Una lectura de «El vino del estío»

 

 

“¡Estoy realmente vivo!, pensó. ¡Nunca lo supe, y si lo supe no recuerdo!”, descubre, de pronto, en medio de un bosque, el niño del Vino del Estío, la extraordinaria novela de Ray Bradbury. De pronto, en el verano de 1928, Douglas Spaulding ve el mundo; el entorno. Es decir, se ve por primera vez fuera de él. Y de la misma repentina manera, lo que parecía una obra sobre infancia, iniciaciones y pueblo chico y parsimonioso, se manifestó como algo distinto: una suerte de relato de la niñez de un continente, o, más bien, de la esperanza infantil de los hombres que pretenden crear un nuevo mundo, no como aquel del Viejo continente que traían consigo sus antepasados, enterrado en la memoria.

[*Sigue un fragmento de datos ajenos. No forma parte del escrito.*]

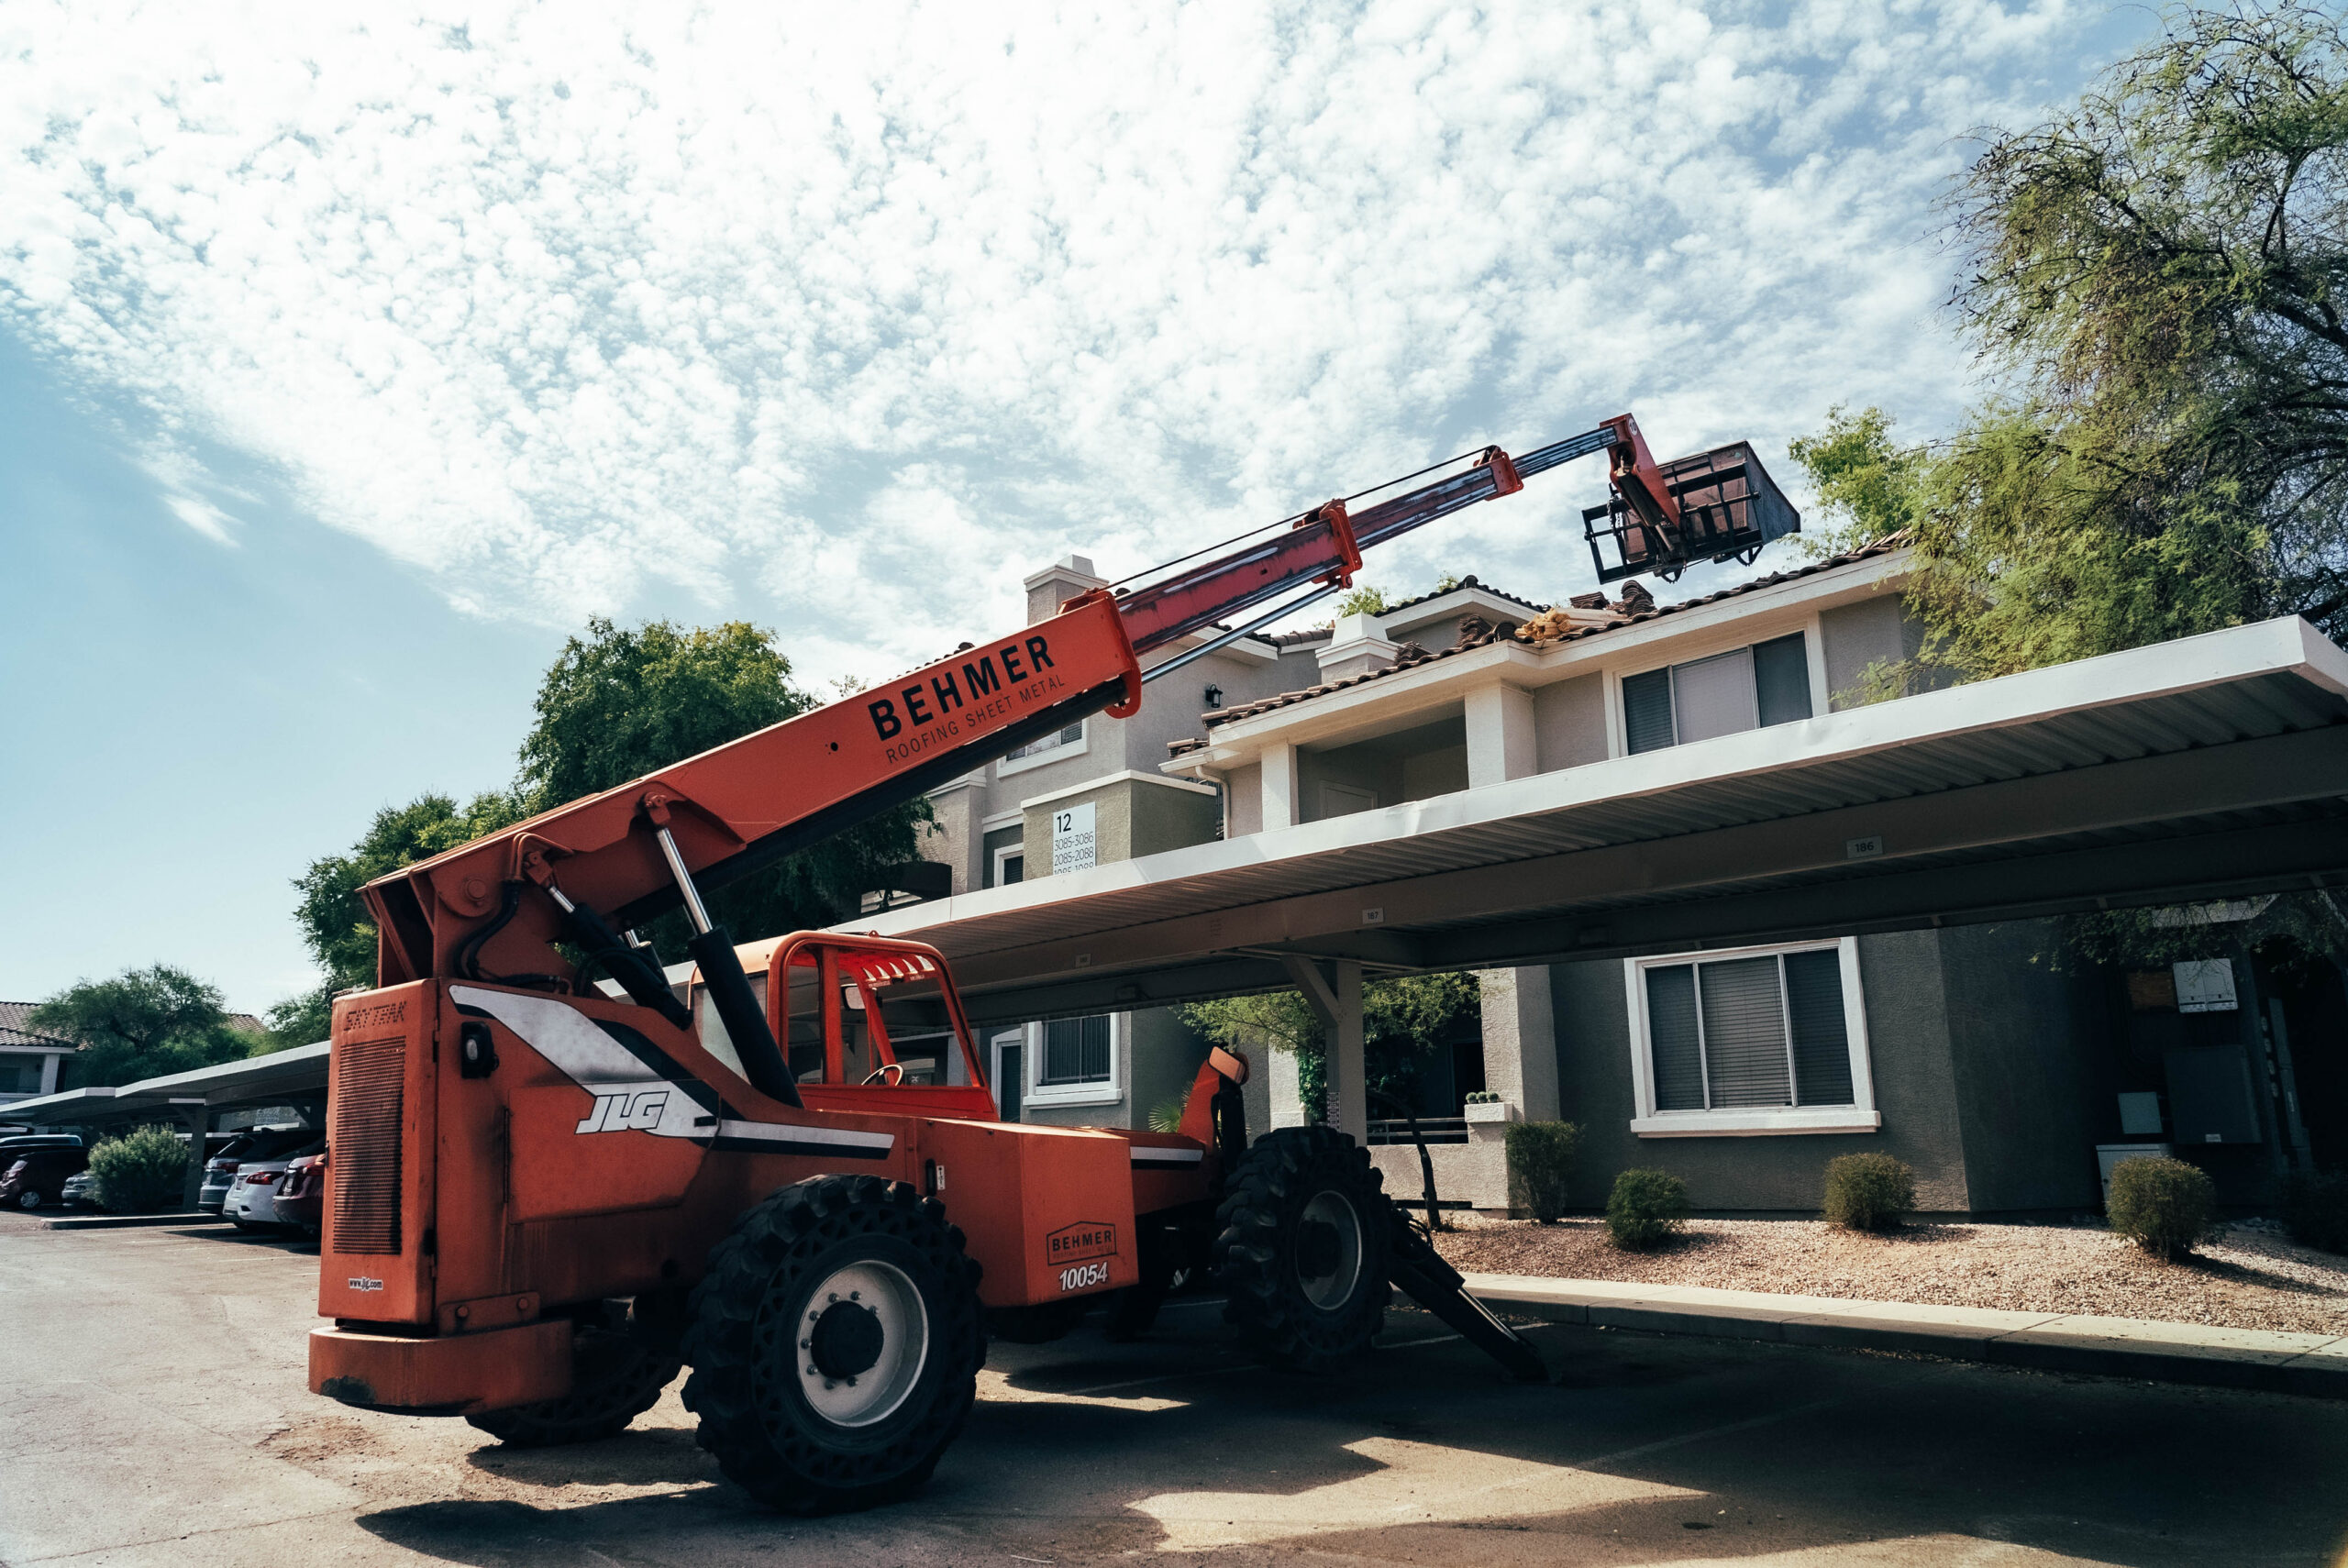 Orange crane positioned at a Biltmore area job site for tile roofing.

Pero ese verano que se cree que durará para siempre – y con él las ilusiones e inocencias de infancia -, trae consigo los elementos que cancelarán las permanencias y las ficciones: uno comienza a descubrir que es, que está en esa vida, en ese continente: uno se ve obligado a tomar conciencia mismo (de su historia, sus restricciones). Pero en cuanto lo hace, allí está la muerte y están los ancianos con sus memorias lejanas, increíbles, que parecen estar escindidas de ese presente tan nuevo, tan maleable, tan que mira hacia atrás sólo como quien mira un mero entretenimiento, una rareza.

El nuevo hombre, el niño americano se debate, pues, ante las evidencias de finitud que el verano le va presentando, muy a pesar suyo.

Pero, aún gobierna en él el impulso, el deber, de hacerse (de nuevo), de fundar una nueva civilización, un nuevo mundo por fuera, o al costado, del anterior – acaso, con otras reglas que permitan alargar el verano hasta que se parezca en algo a la eternidad -; como si ellos mismos crearan incluso la propia geología del continente, sus cimientos.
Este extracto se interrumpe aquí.